Так хочется домой, порой просто непереносимо, до слез! Хотя бы на денек-другой! От всех переживаний и тревог последних непростых недель, от бурлящей переменами новой жизни, новой истории и восторженных ожиданий Крыма…

– Ваш кофе, – вернула ее в реальность официантка, поставив перед ней блюдце с чашкой капучино и мило улыбнувшись.

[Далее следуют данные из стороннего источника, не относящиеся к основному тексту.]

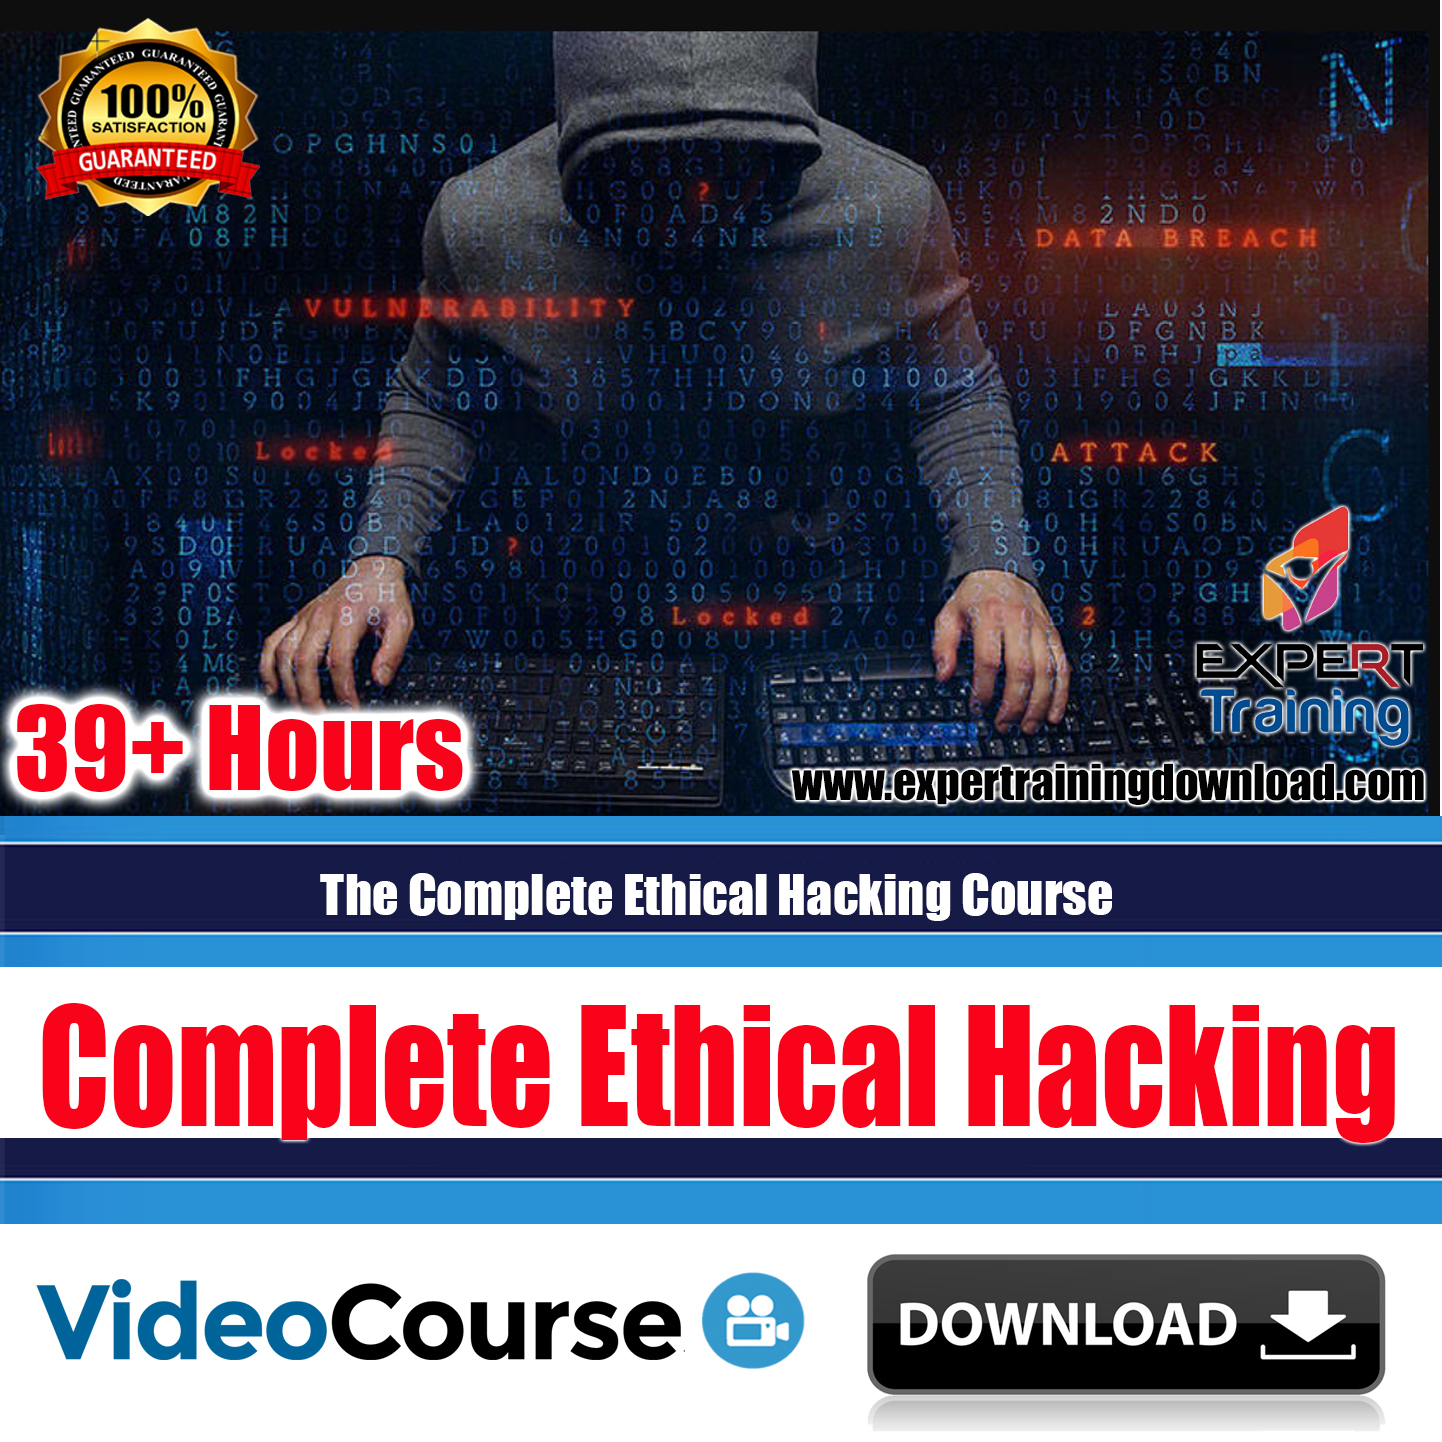 The Complete Ethical Hacking (39+ Hours) Course

– Благодарю, – улыбнулась в ответ Наталья.

Она сделала глоток кофе, снова посмотрела в окно, вздохнула и усмехнулась: «Какой поезд? Ты смеешься? Все самолеты, самолеты… Когда ты последний раз на поезде-то ездила?» – скептически поинтересовалась она у себя.

И вдруг…

Словно окатило теплой, нежной волной, и мурашки побежали по позвоночнику и рукам, и зазвучала откуда-то музыка летнего отпускного счастья…

Ната осторожно поставила чашку на блюдце, возвращаясь в прошлое.

Воспоминания накрыли ярко, мощно, ослепив бликами солнечных зайчиков от морской волны того лета. Последний раз она ездила на поезде именно тогда – одиннадцать лет назад. Одиннадцать!..

Почти одиннадцать – сейчас март, а тогда было лето.


«Одуряюще пахло сиренью, ну просто одуряюще…

Этот запах сопровождает меня всю жизнь. В детстве это был аромат тайны, потому что мы прятались в огромных кустах сирени, когда играли в казаки-разбойники.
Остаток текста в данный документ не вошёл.